Guantanamo judge rejects torture-derived confession from Al-Qaeda bombing suspect

It has the potential to set a new hurdle for September 11 prosecutions.

A US MILITARY judge ruled for the first time that an Al-Qaeda bombing suspect’s confession cannot be used as evidence because it was derived from torture, potentially setting a new hurdle for September 11 prosecutions.

The judge in the Guantanamo Bay, Cuba US military tribunals said that a confession by Abd al-Rahim al-Nashiri, the alleged mastermind of the 2000 attack against the USS Cole in Yemen that left 17 dead, was tainted by years of abuse at the hands of the CIA and FBI.

“Exclusion of such evidence is not without societal costs,” wrote the judge, Col. Lanny Acosta.

“However, permitting the admission of evidence obtained by or derived from torture by the same government that seeks to prosecute and execute the accused may have even greater societal costs.”

Nashiri’s attorney Anthony Natale said the judge threw out the key evidence military prosecutors hoped to use to convict Nashiri.

The ruling left the long-running death penalty case mired in the pretrial phase, with no sign of when a full trial could begin.

Attorneys for both Nashiri and the five men accused of the September 11, 2001 Al-Qaeda attack on the United States have battled for more than a decade in the Guantanamo military court to exclude evidence against them derived from torture.

The six were captured separately after the 2001 attacks and shuttled through CIA-run “black sites” in countries such as Thailand and Poland where they were put through extreme interrogation techniques including waterboarding and physical beatings.

After they arrived at Guantanamo, an isolated US naval base, some like Nashiri were again mistreated, including in early 2007, when the FBI interrogated him.

While prosecutors had argued that Nashiri was no longer affected by the impact of earlier torture sessions, the judge ruled that continued rough treatment up to that interrogation simply extended “years of physical and psychological torment.”

“The evidence supports a conclusion that the accused did what he was trained to do: comply,” the ruling said.
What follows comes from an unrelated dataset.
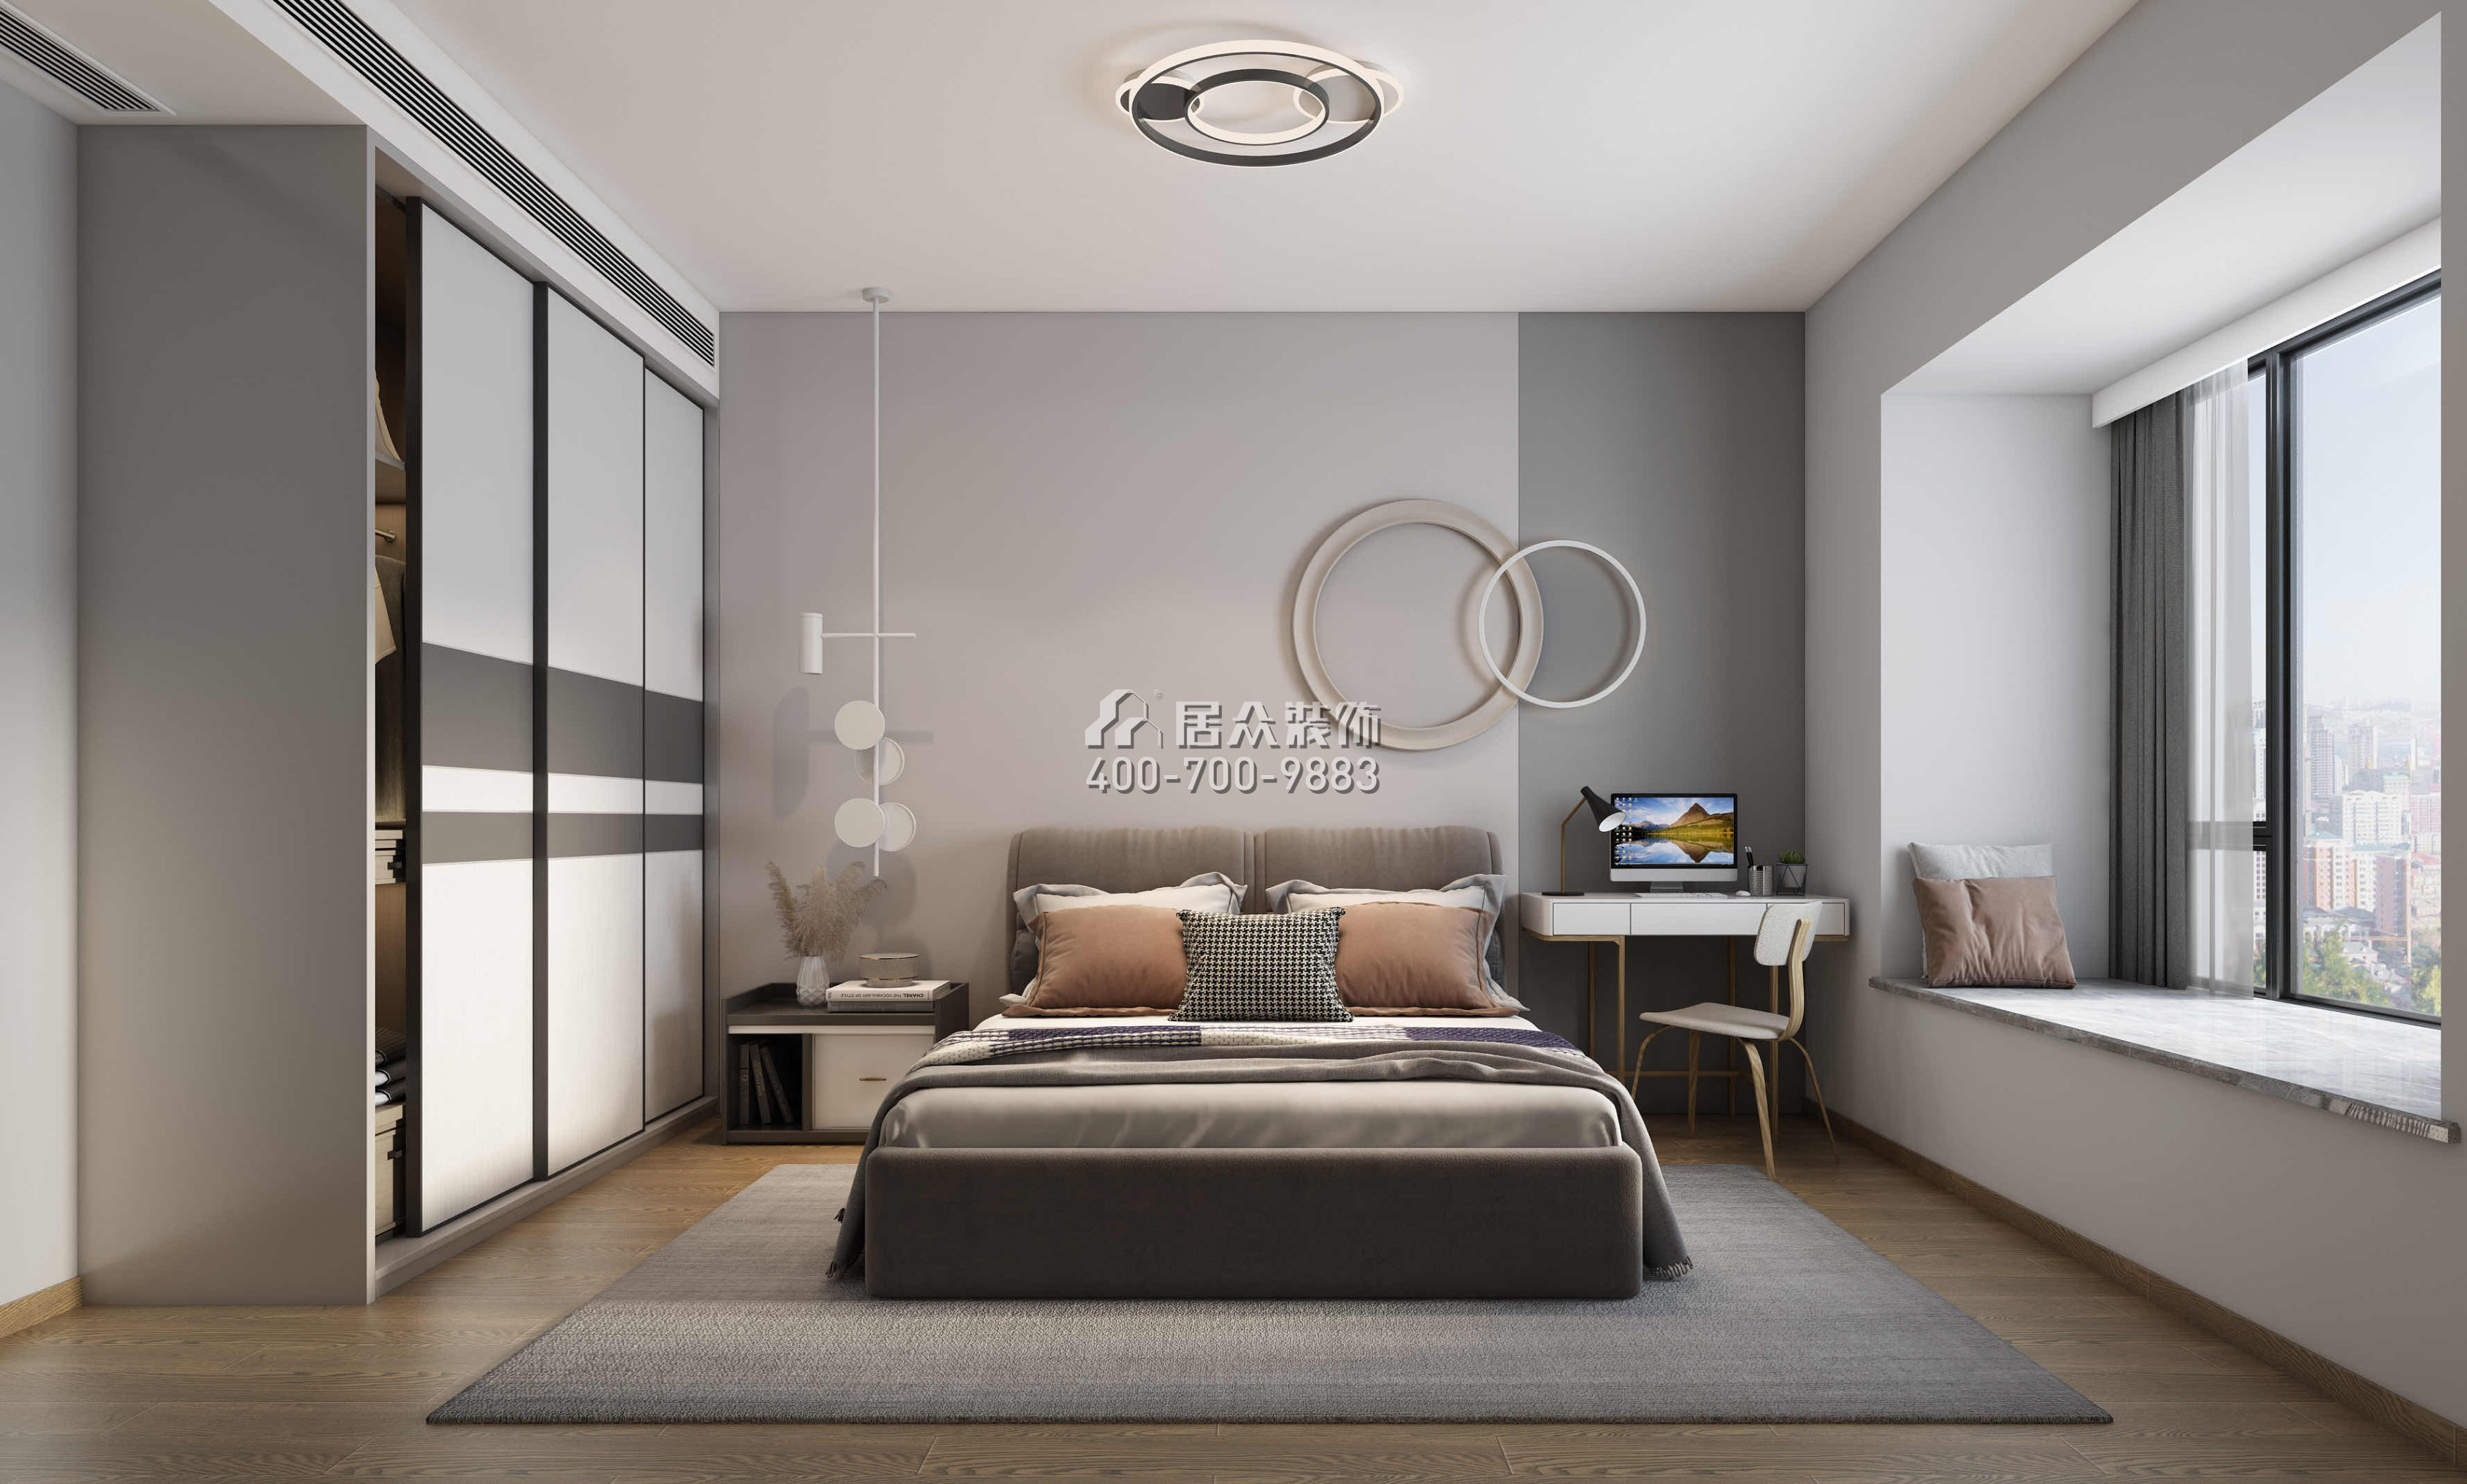 星河丹堤145平方米现代简约风格平层户型卧室装修效果图

Nashiri, 58, is charged with engineering the deadly attack on the USS Cole on October 12, 2000. He is also accused of the bombing of the crude carrier Limburg two years later in the same area, which left one person dead.
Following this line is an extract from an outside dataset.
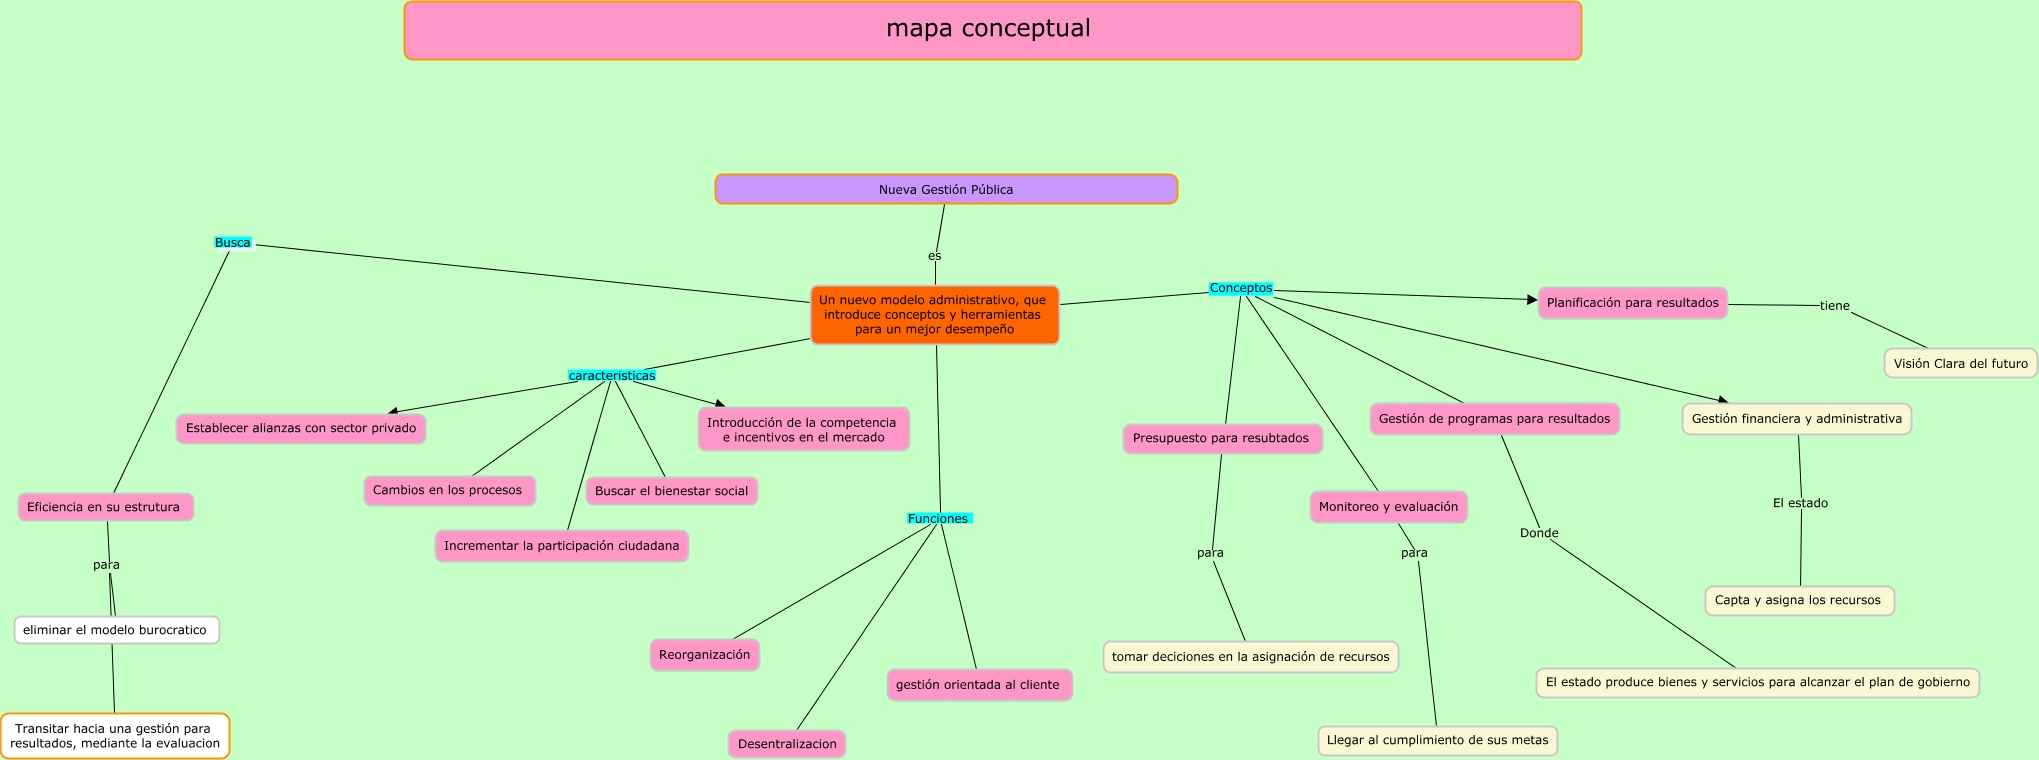 mapa conceptual - Nueva gestión pública

Natale stressed that the ruling only applies to Nashiri’s case, and is not binding on any of the other judges overseeing cases in the Guantanamo military court.
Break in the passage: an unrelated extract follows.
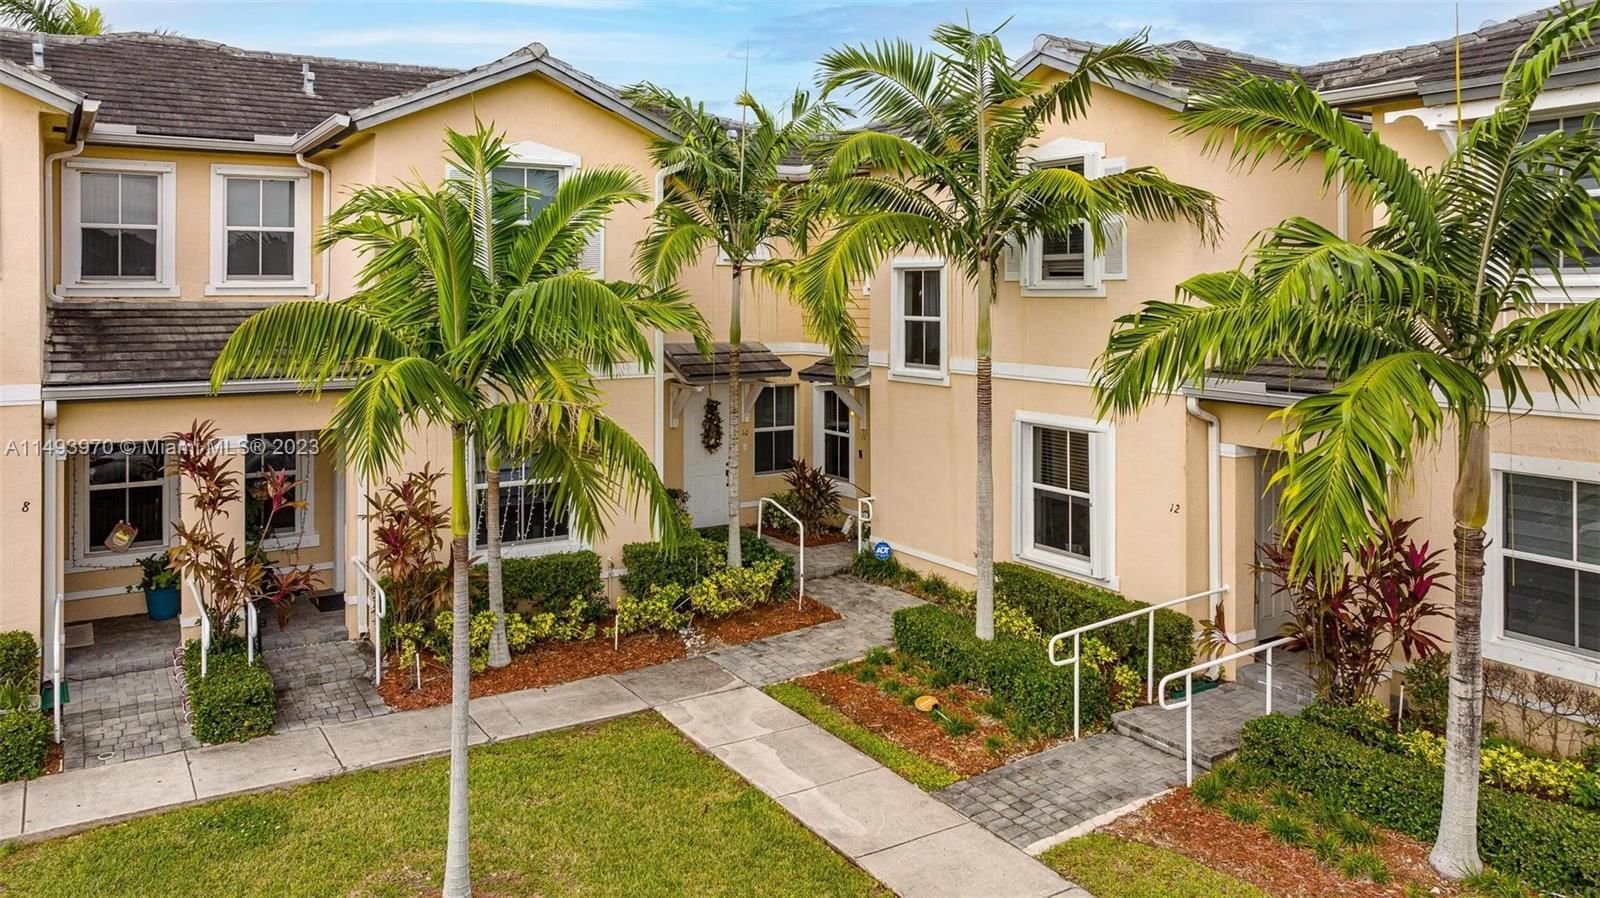 Real estate property located at 142 28th Ter #11, Miami-Dade County, FIJI CONDO NO 1, Homestead, FL

But he said it creates “a template that others could try to replicate.”

Alka Pradhan, an attorney for one of the five accused in the September 11 case, said it would impact the entire military court.

“The Nashiri ruling today is fundamentally destabilizing to the whole military commission system,” she said in a social media post.

In both the 9/11 and Nashiri cases, she said, the bulk of prosecutors’ evidence “was derived from torture at the CIA black sites whose effects were deliberately maintained through FBI interrogations at Guantanamo.”